Jun 17 2010
Alan Wake
Finally: After several months of poor or mediocre releases, there’s finally a new blockbuster game worth playing!
Alan Wake is more like an interactive horror movie than it is a third person shooter. It’s got great atmosphere, a twisted multi-layered and well written and narrated story line, it pushes the graphics capabilities of the Xbox 360 beyond her limits and it offers a deeply immersive (single player) gaming experience.
You follow bestseller author Alan Wake on a vacation with his wife and muse to a lake house near the small town Bright Falls where he hopes to finally break his writer’s block that has been keeping him from writing a new book for two years already. But reality is quickly falling apart in this interactive movie, when you discover that the lake where you are spending your vacation has the power to make works of art and fiction come true and that a dark force wants to use your creative skills to set itself free.
The lake house was formerly owned by another author who appears in your nightmares and whose story is somehow interwoven with your own fate.
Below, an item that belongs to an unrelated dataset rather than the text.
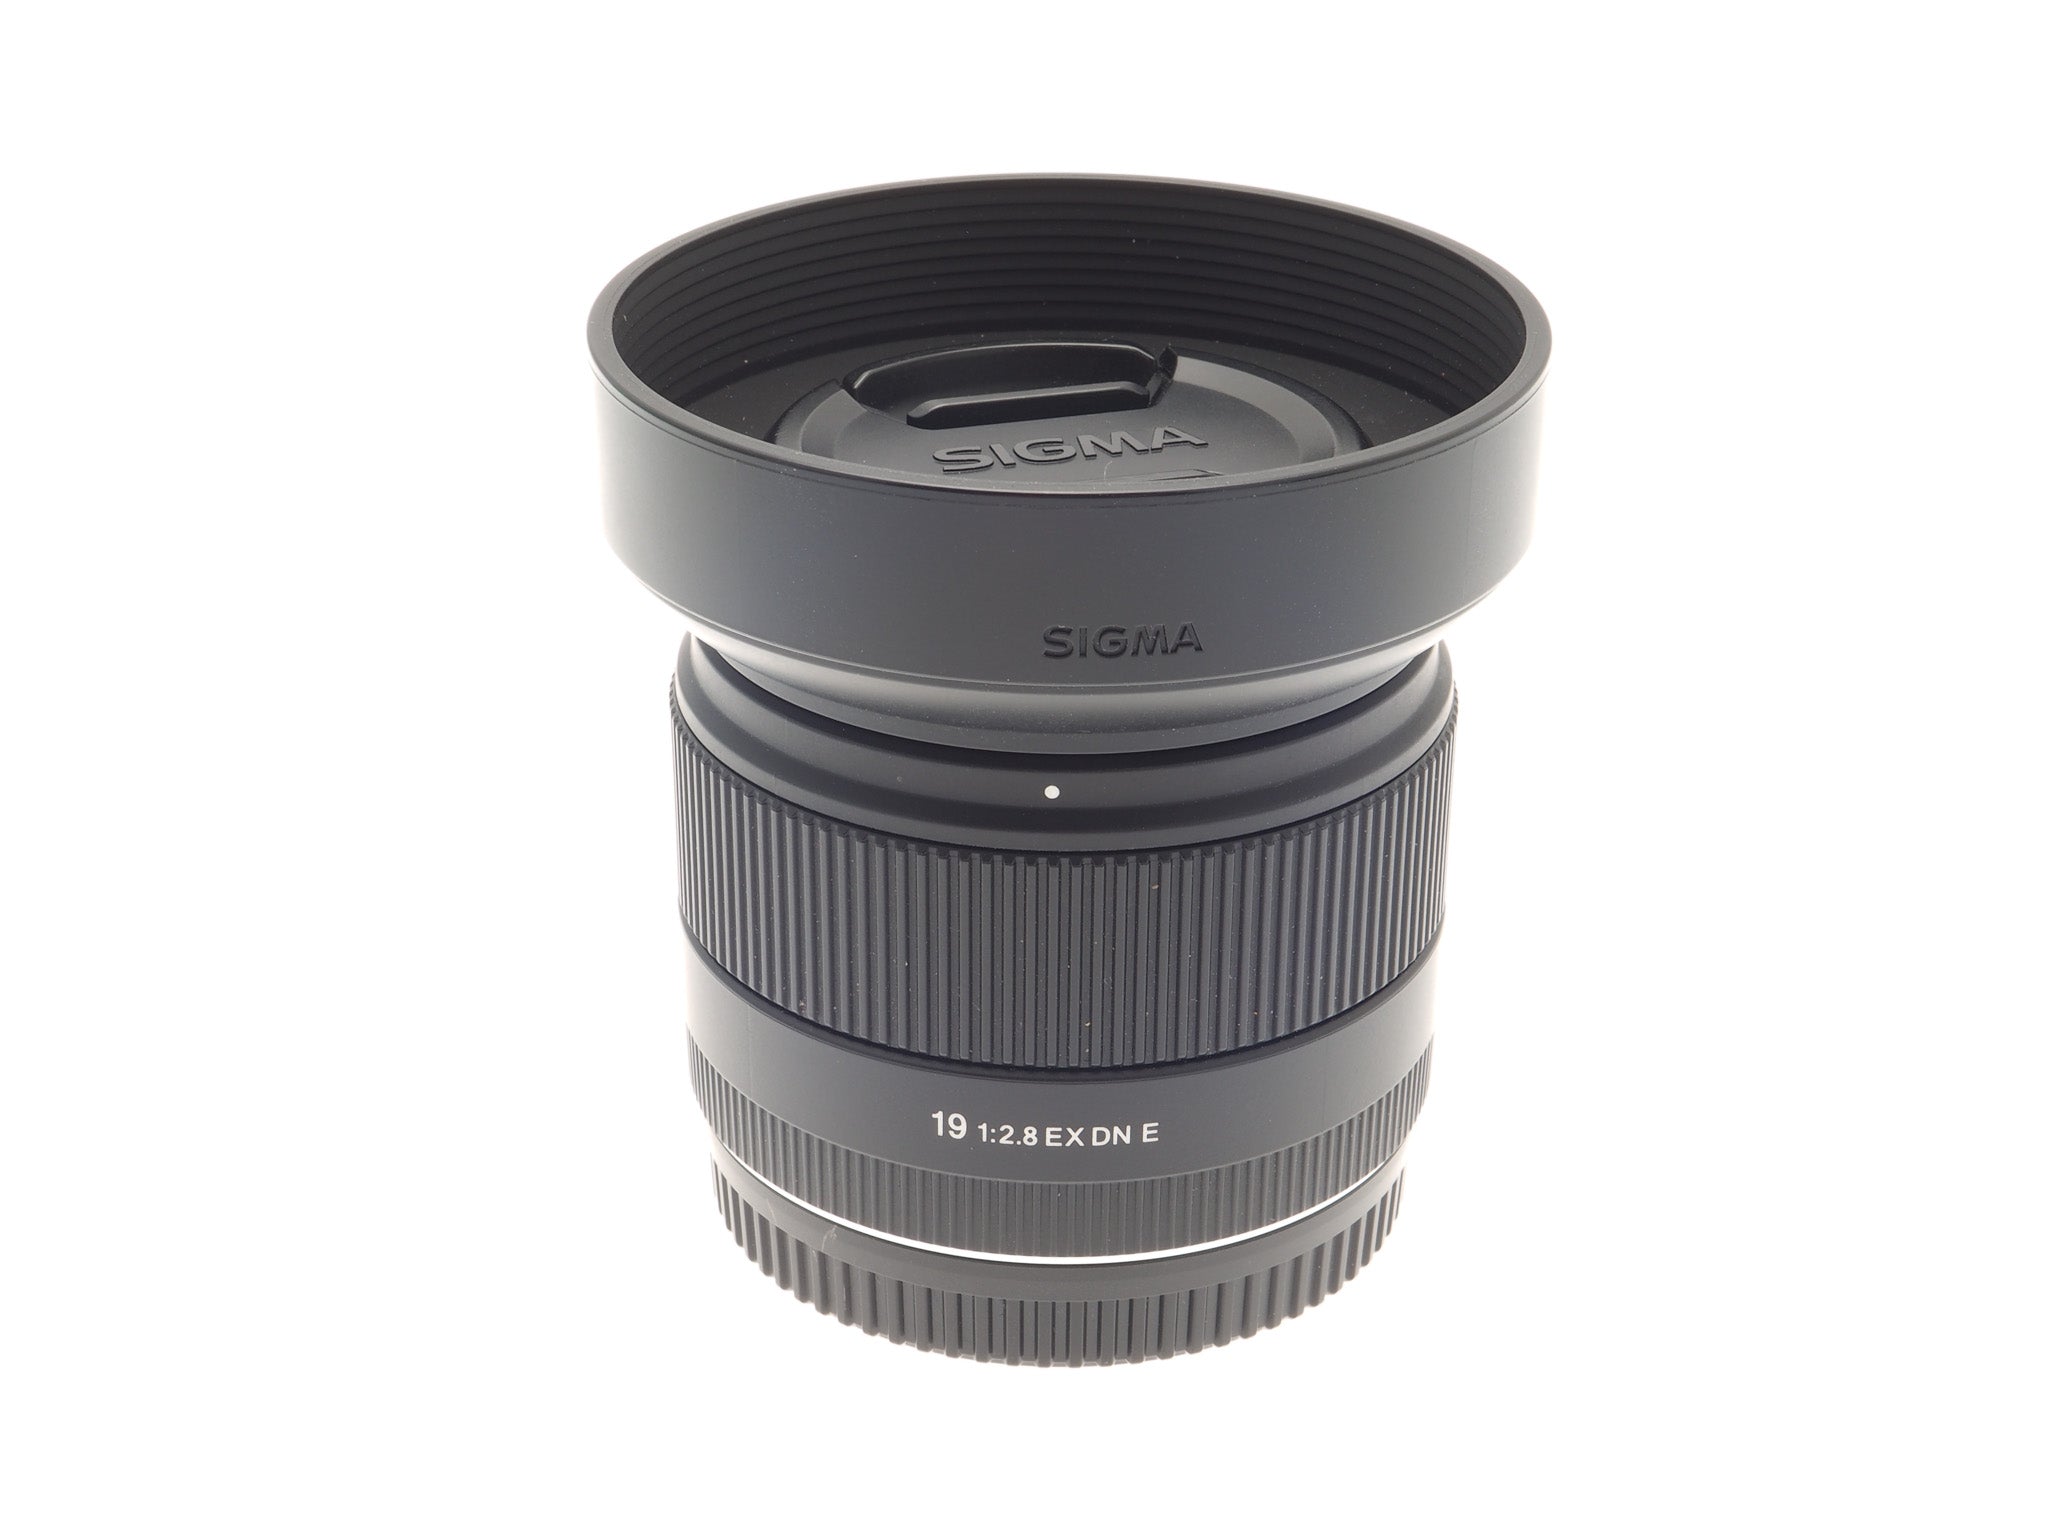 Sigma 16mm f1.4 DC DN Contemporary - Lens – Kamerastore

You begin to find pages of a manuscript which appears to have been written by you, but you cannot remember ever having worked on it. But what really cracks the borders of your mental sanity is that those pages describe events that happen only after you have found them.
When your wife suddenly disappears, you have to find out whether you are a real person in charge of your life or whether you have been written by someone and are only a character in a horror story with self awareness, but without any influence on your own destiny. But whether you are a fictive character yourself or not, you have to write your own ending to the story in order to get your lover back from the darkness that took her.
An odyssey through the works of yourself and the author who visited you in your nightmares begins, with the materialized darkness in close pursuit.
Thanks to Microsoft’s intervention, Alan Wake is an Xbox 360-exclusive title and the PC version that was under development is being held back and might never hit the shelves of a store. But Xboxes are cheap, so if you don’t already own one, you should definitely get one to play this game. It’s well worth it.
UPDATE: Maybe I should mention that many of the ideas in Alan Wake remind me of John Carpenter’s In The Mouth Of Madness. It doesn’t really matter, though. Alan Wake has a life and soul of its own. But if you liked John Carpenter’s movie, chances are that you will also enjoy this game.